DATASET SECTION |
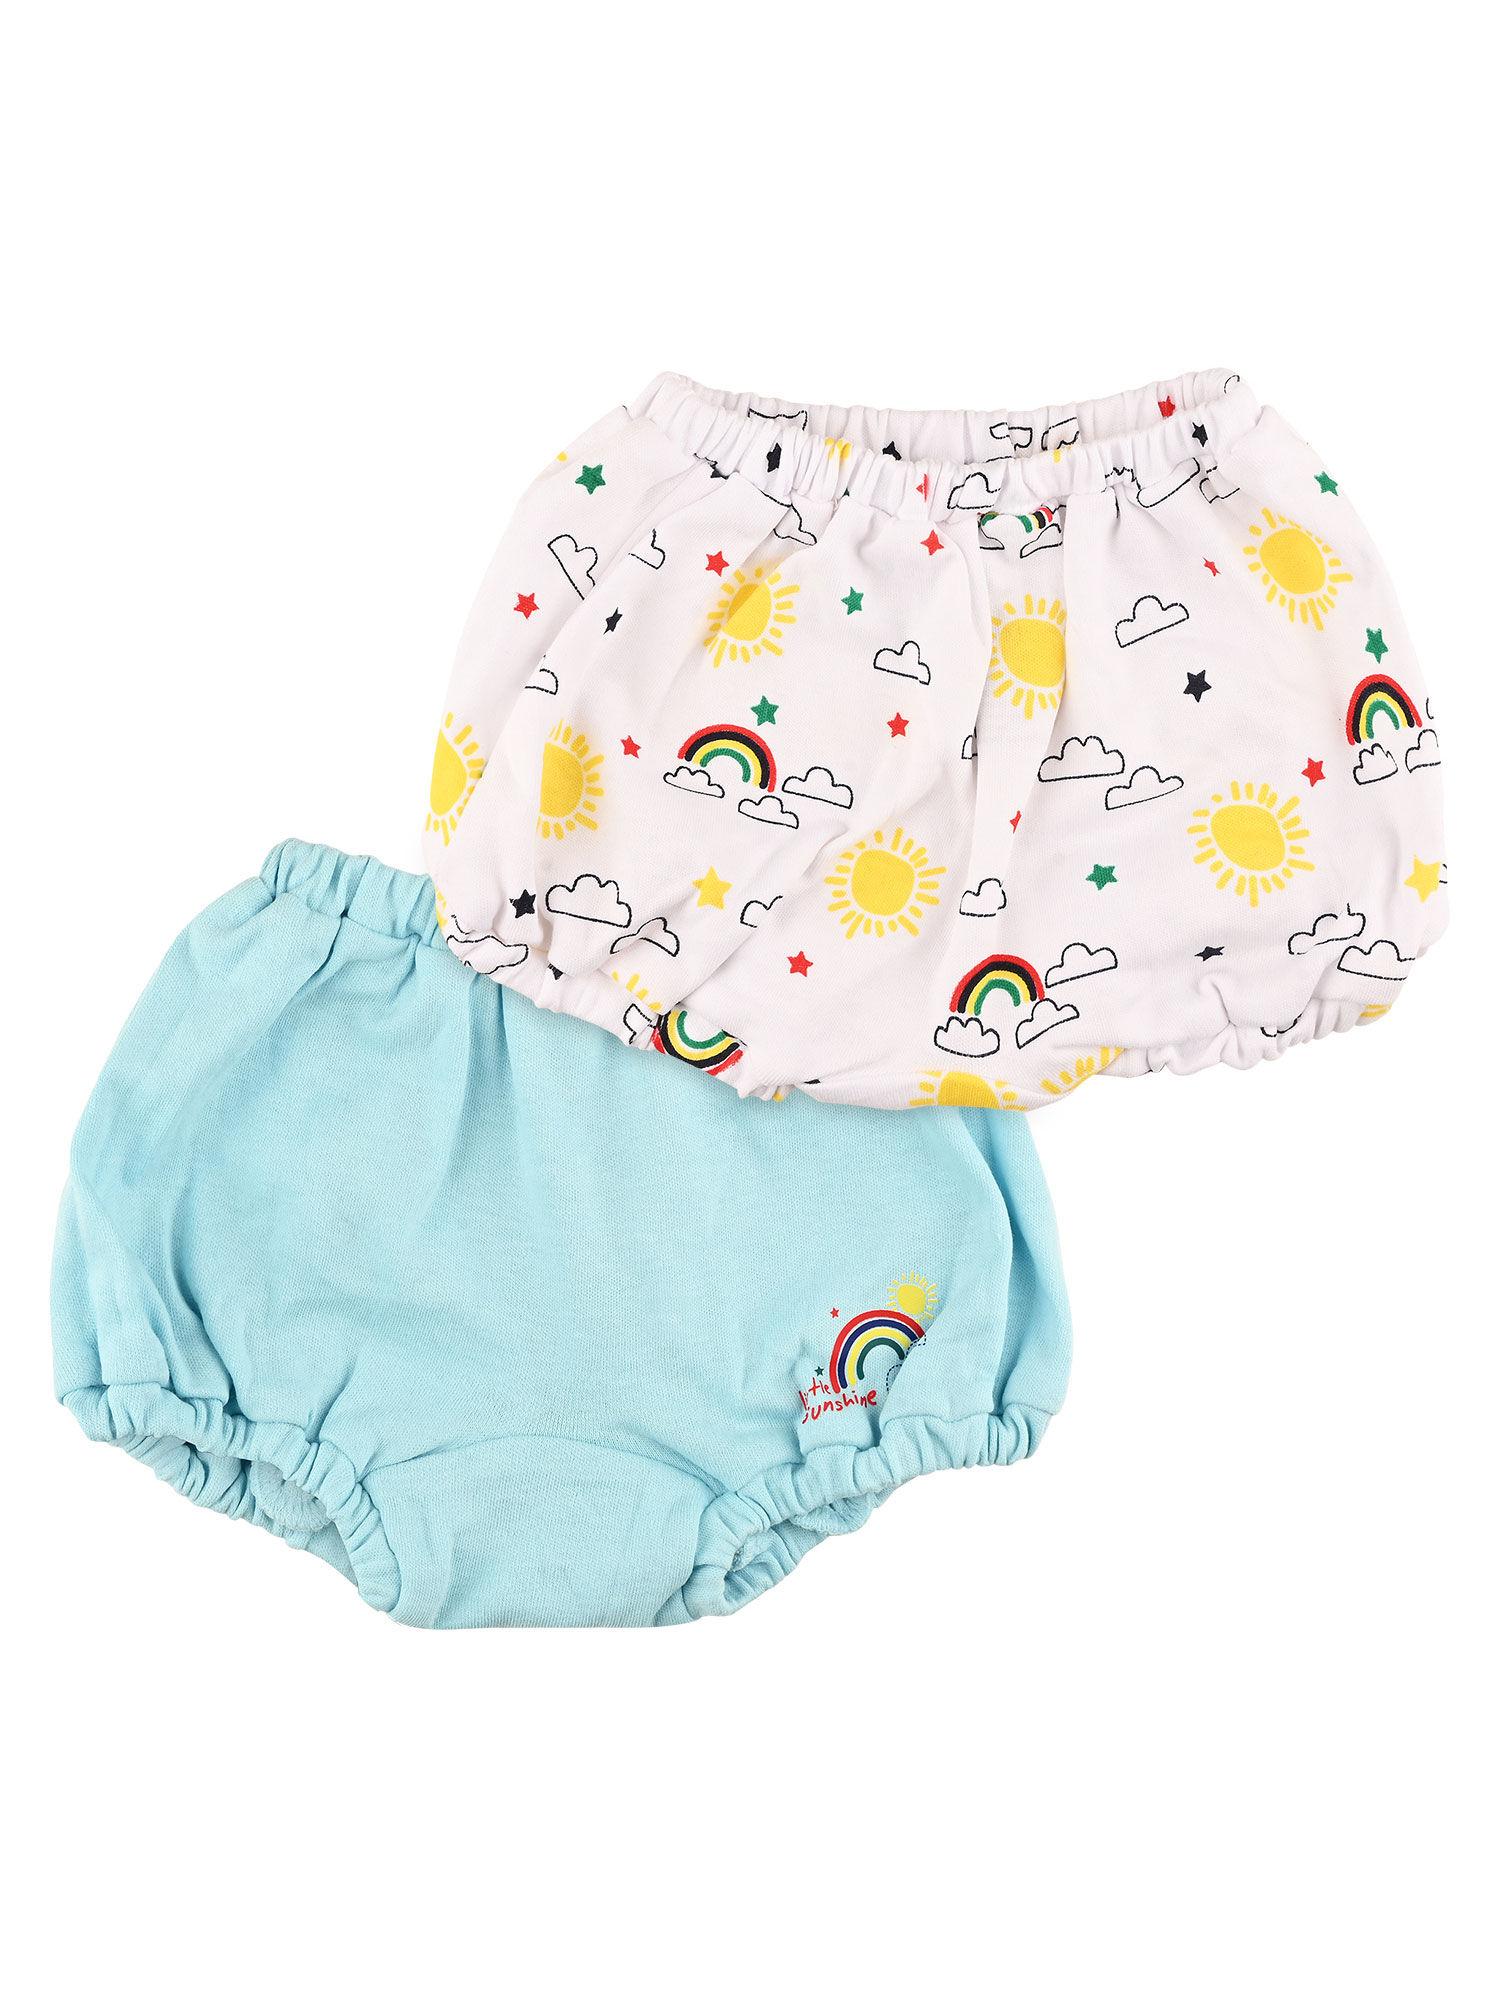 baby girls printed bloomer brief underwear blue and white (pack of 2)
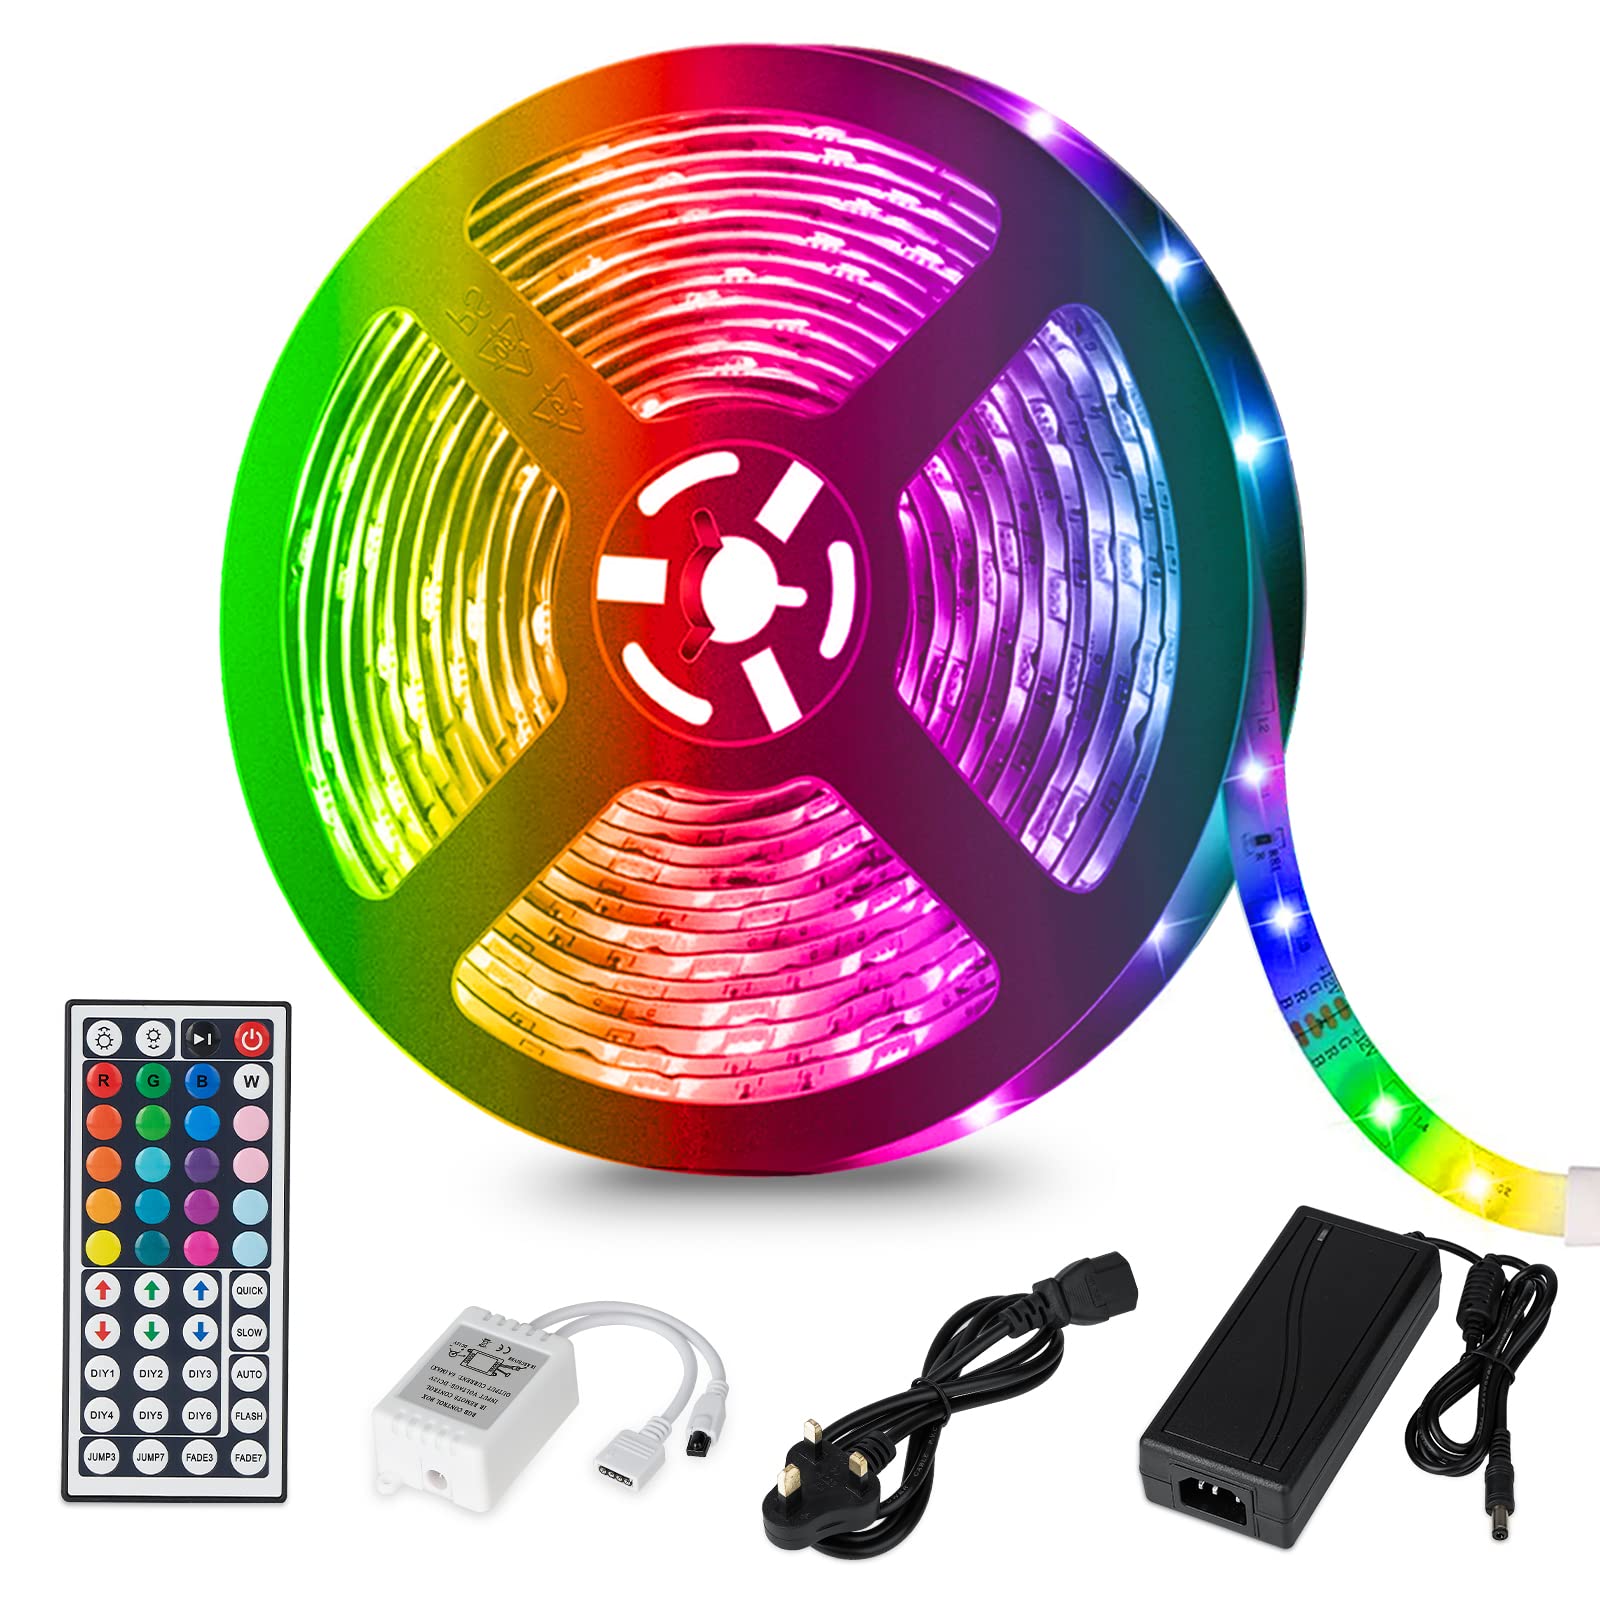 LED Strip Lights 5M with Remote SUNNEST RGB Light Strip Colour Changing for Home Car TV Stairs DIY Decoration
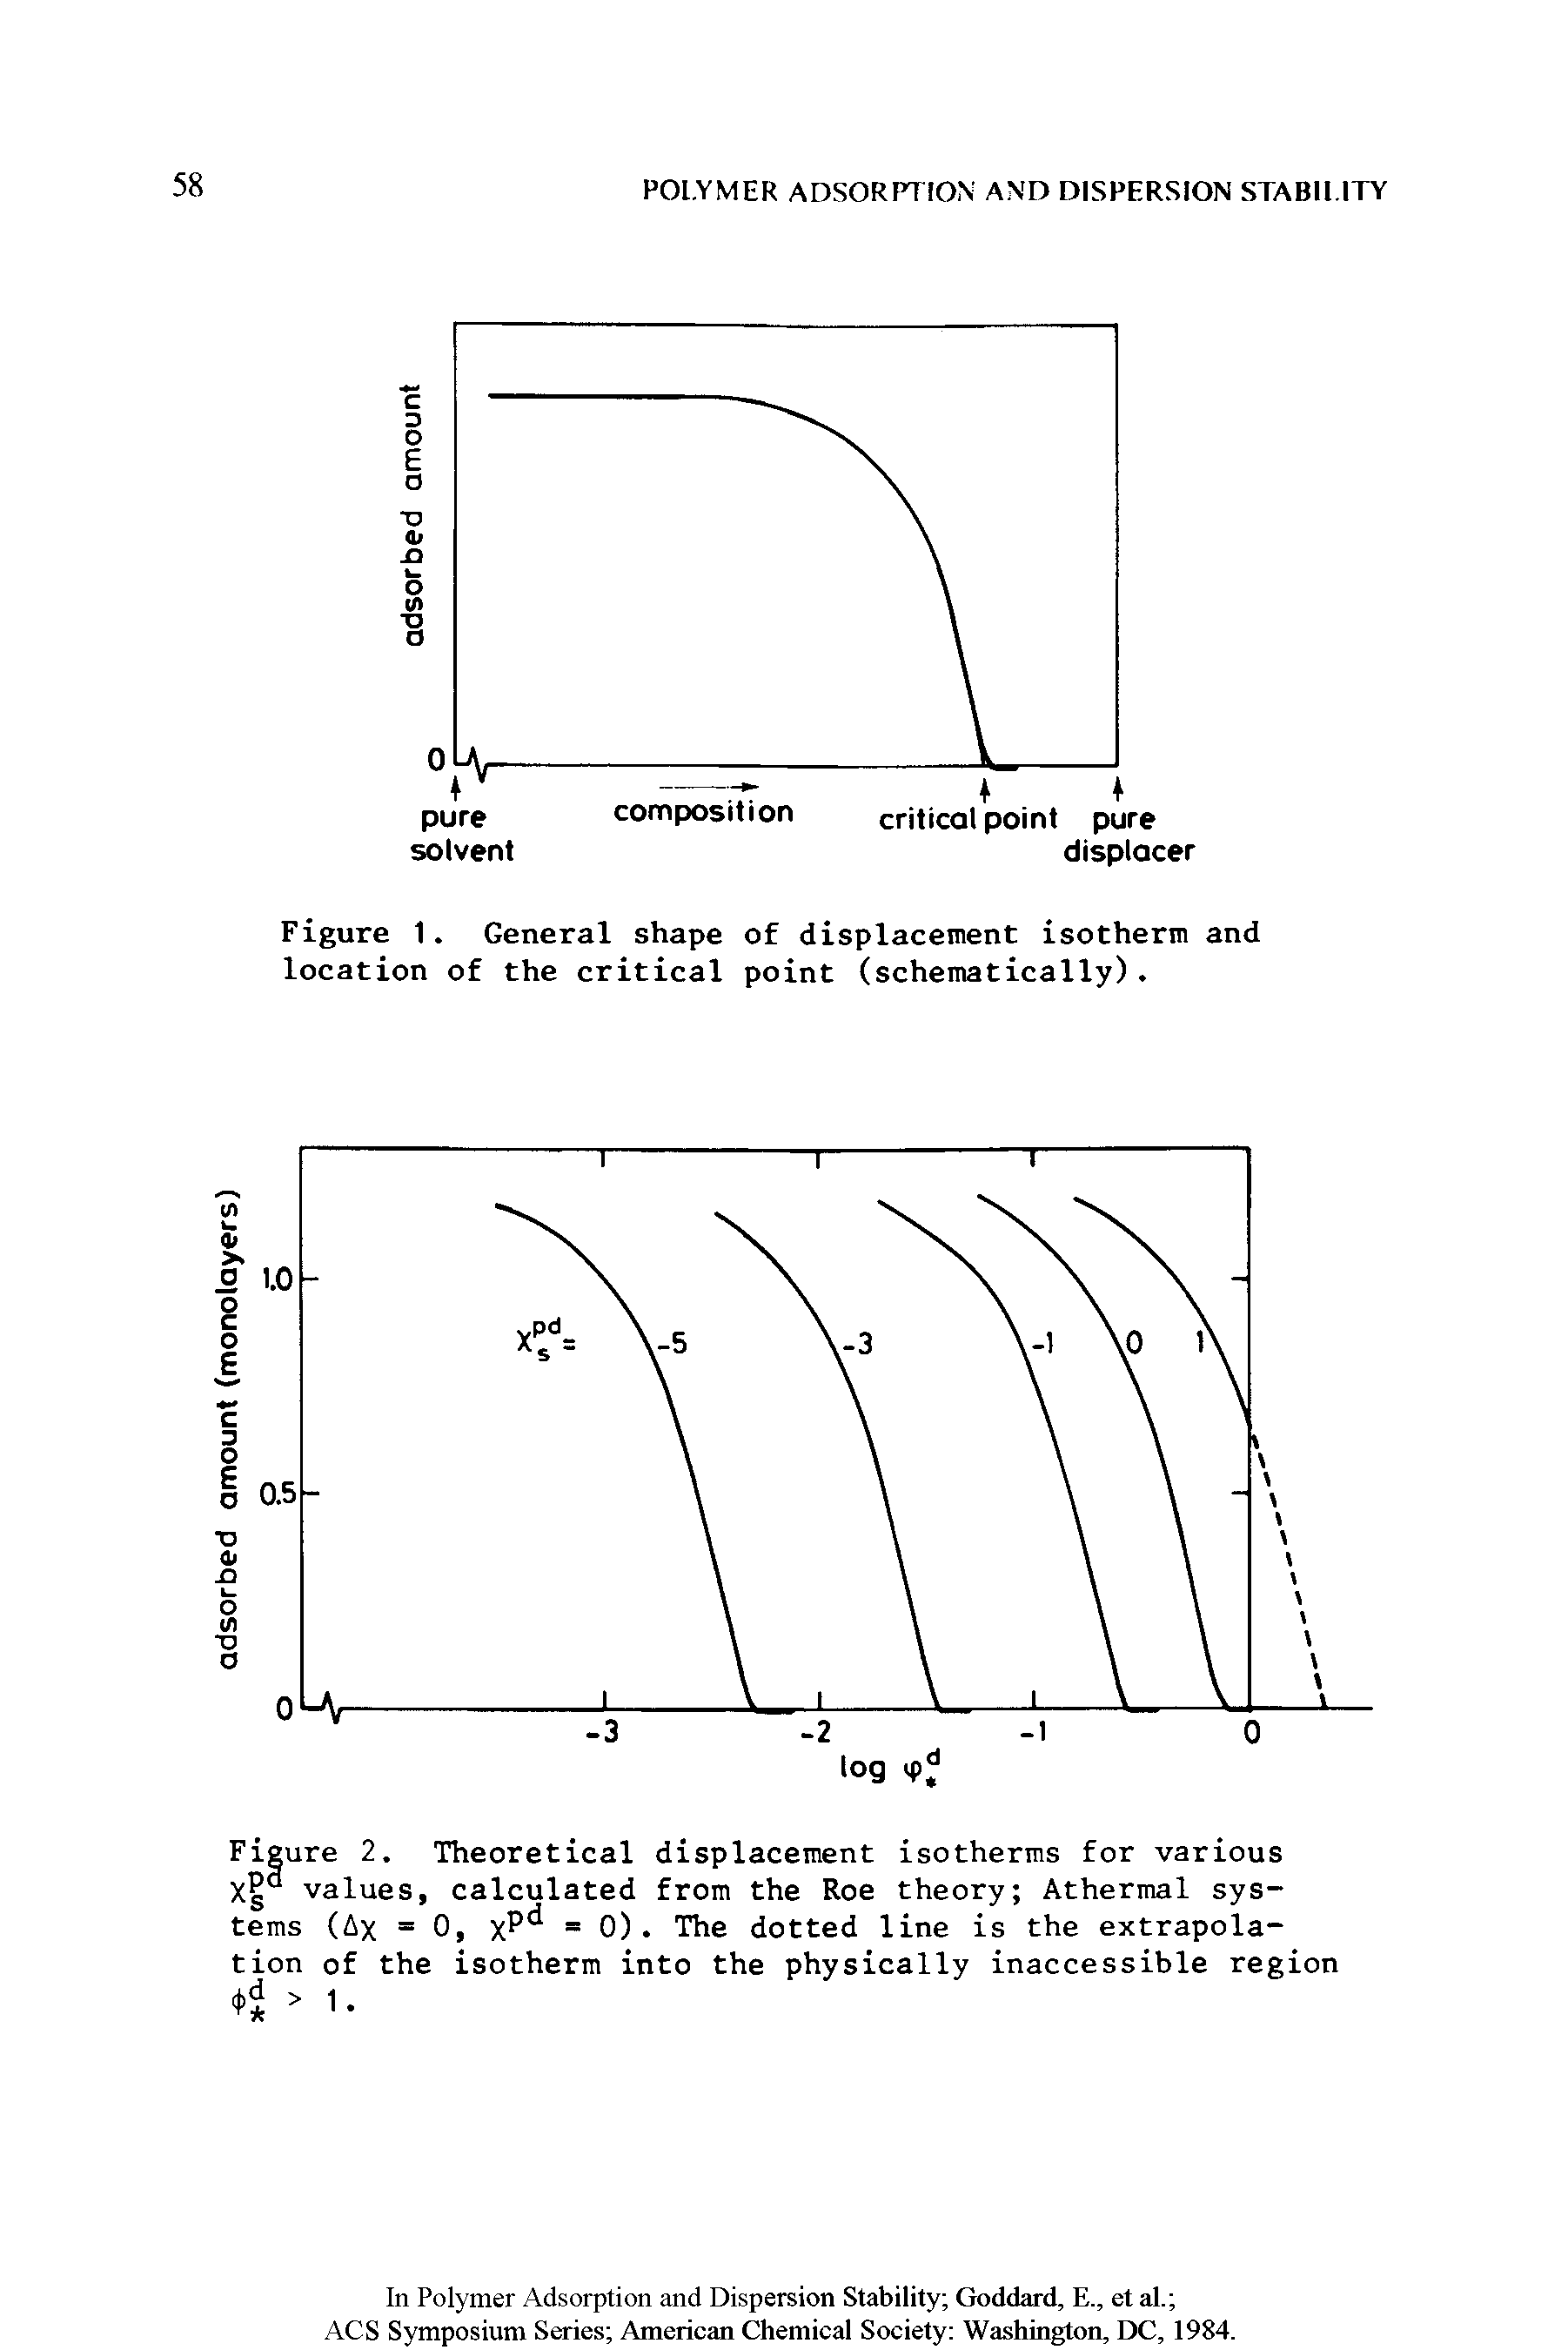 Figure 1. General shape of displacement isotherm and location of the critical point (schematically).

TASK TO COMPLETE | Leaving the pictures out, output the material exactly as it appears.

RESULT FOR THIS TASK |
 baby girls printed bloomer brief underwear blue and white (pack of 2)
 LED Strip Lights 5M with Remote SUNNEST RGB Light Strip Colour Changing for Home Car TV Stairs DIY Decoration
 Figure 1. General shape of displacement isotherm and location of the critical point (schematically).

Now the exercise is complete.